Nichelle observed that he seemed a bit annoyed (or at least perplexed) that the rheumatologist had told Nichelle she “definitely had a serious endocrine problem.” This may merely have been professional area-of-expertise jealousy, or due to the fact that the rheumatologist did not provide any thoughts on the issue. (I didn’t even notice any discomfort, but Nichelle is much more perceptive than I about such things.)
The samples need to be delivered to Concord, N.H., on Thursday and Friday morning, with blood work being done at those times. We asked if the labs could be done by one of the Dartmouth-Hitchcock labs nearby, but it would have meant waiting another full week after getting a new lab schedule to be approved by Dr. Golding (who is away for a few days)—our fault; we didn’t think of asking until we were partway home. Nichelle is going to try to make the trips herself, if she feels better than today; I’ll act as a backup.

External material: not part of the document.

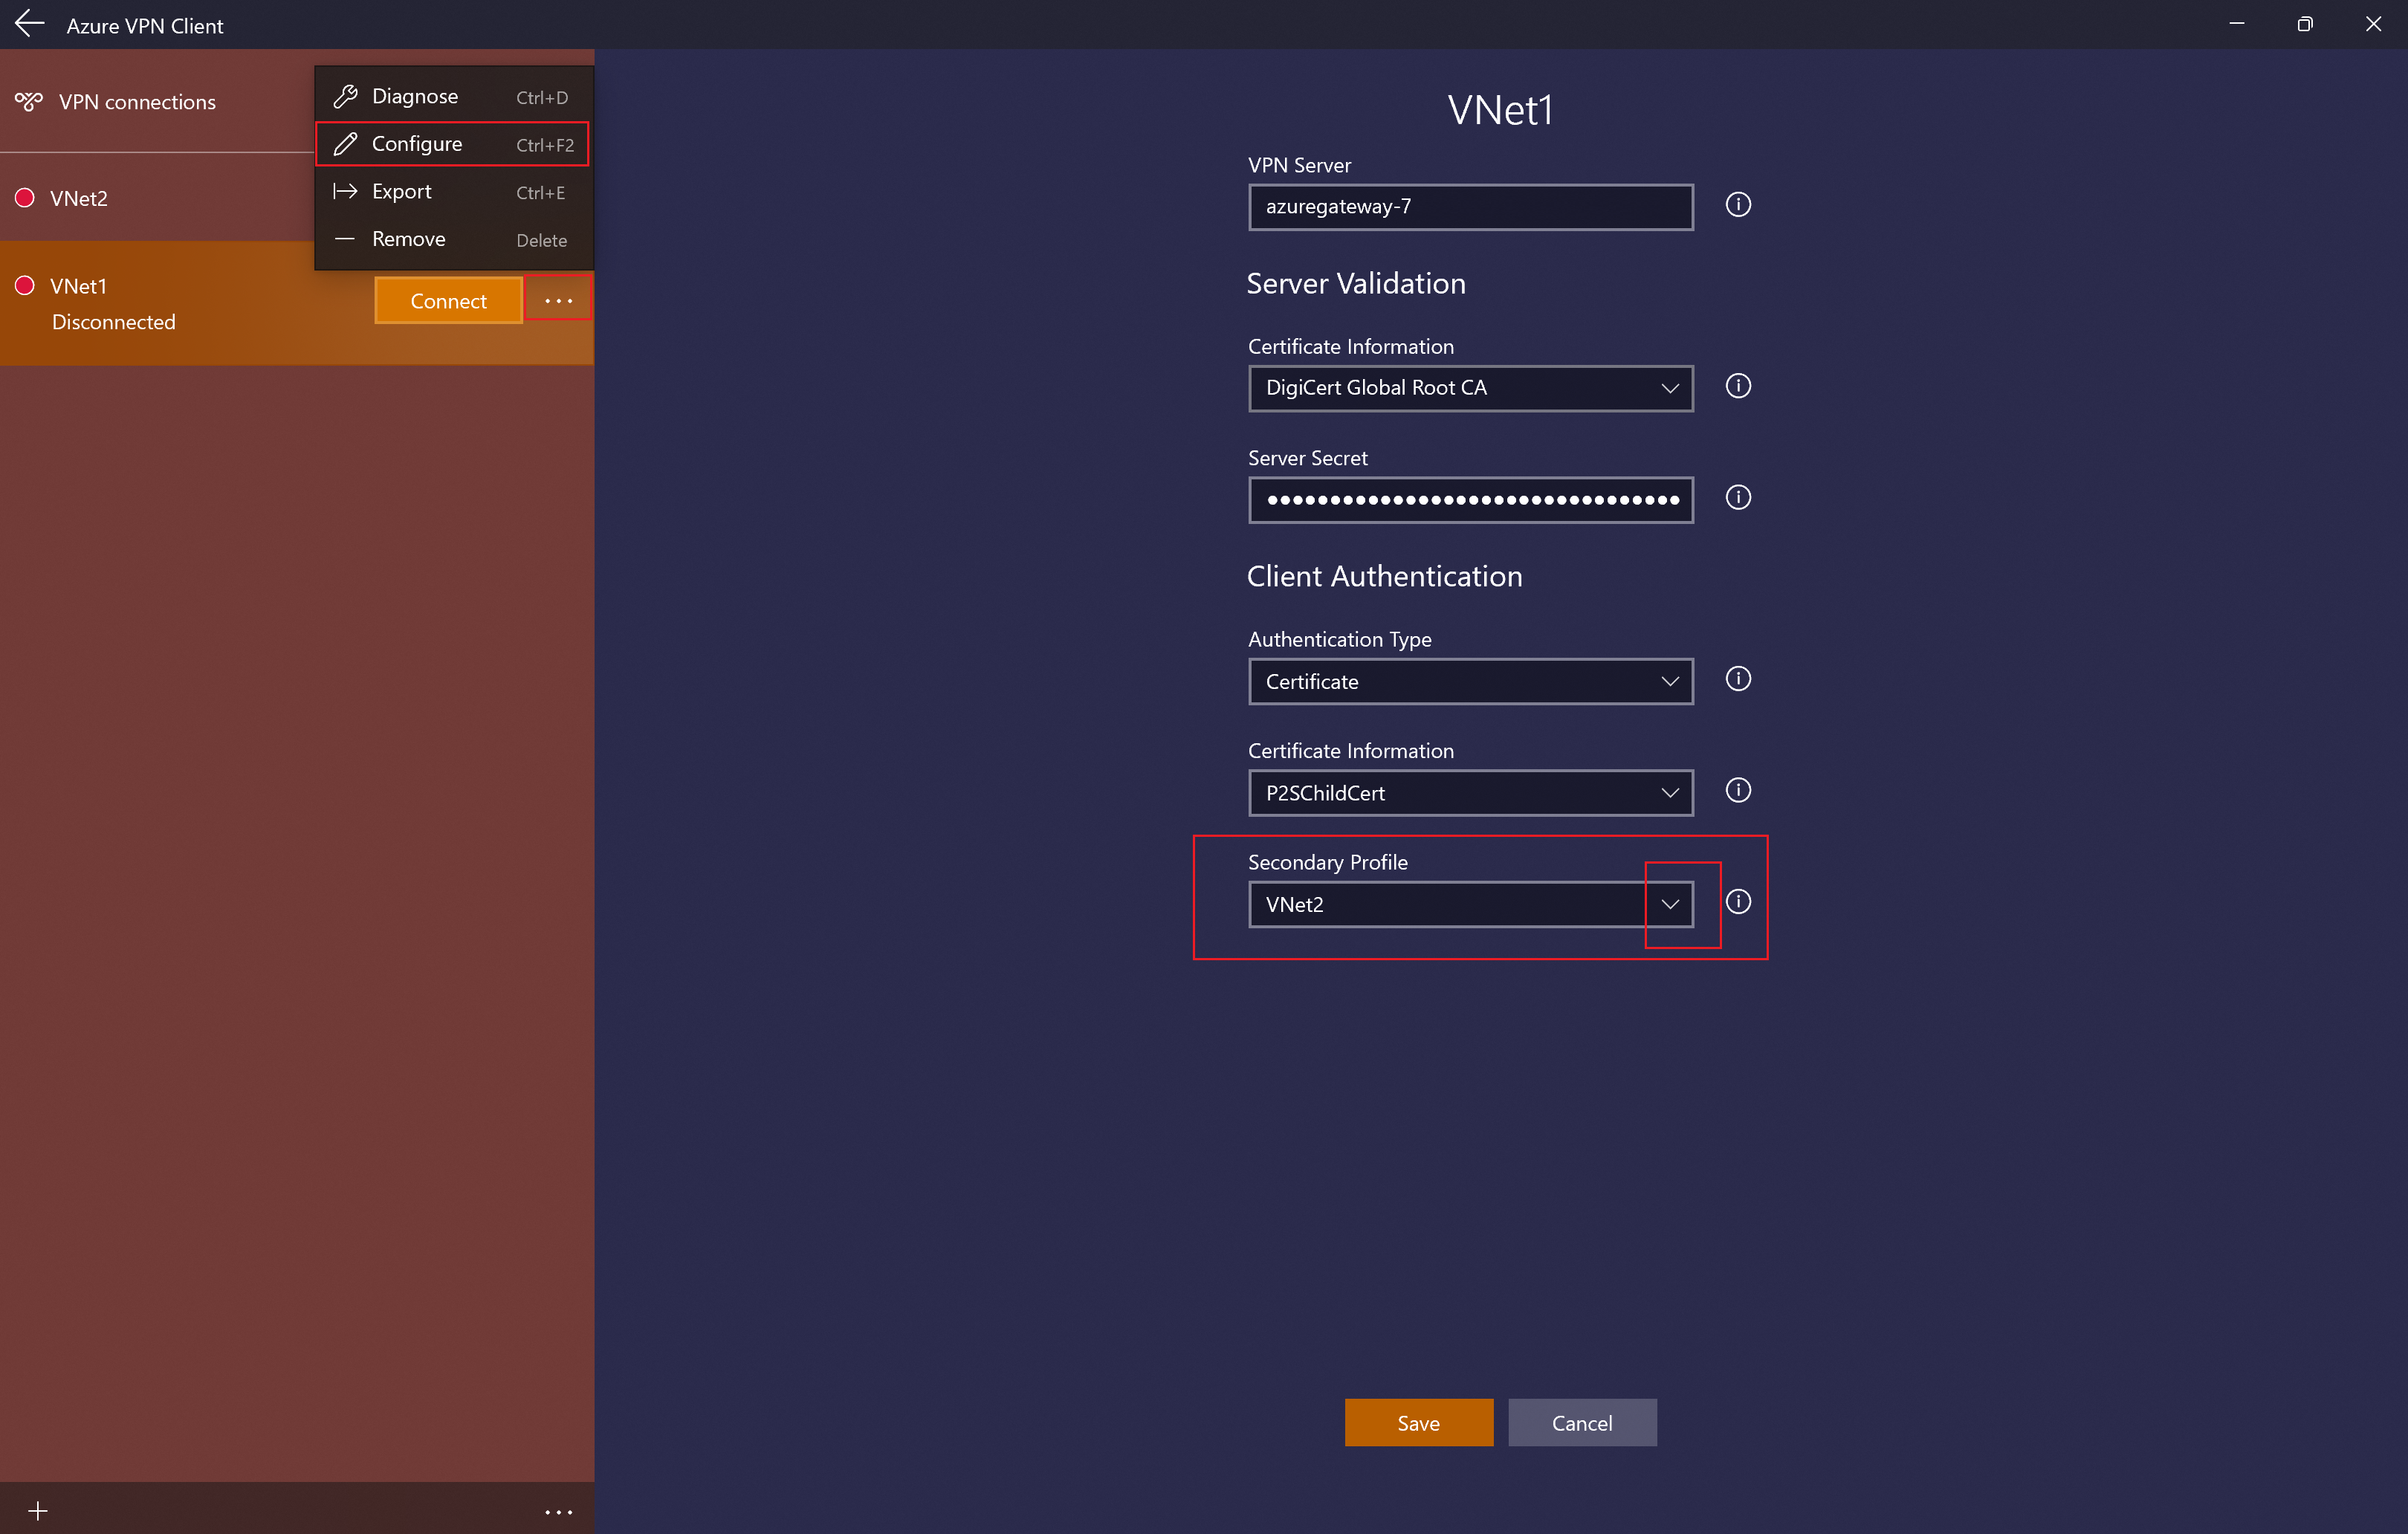 Captura de ecrã a mostrar a página de configuração do perfil do cliente VPN do Azure com perfil secundário.

So, with the cortisol tests outstanding, Beth’s Moxie is in a quantum state. Call it Schrödinger’s Soda! (A little non-bio-science Geek humor, there.)
Today Nichelle awoke with another 5.5 pounds of weight increase from yesterday, bringing her current weight to a new record (which I doubt she would want me to publish). We laughed the other day about how I had to keep forcing myself to eat and eat to maintain the sympathetic weight gain.
Other exciting symptoms as of this evening (6:00 p.m.) include, according to Nichelle: “feeling really bad: loads of pain, weak feeling, and the head pain—has been hitting in different sections of my head.”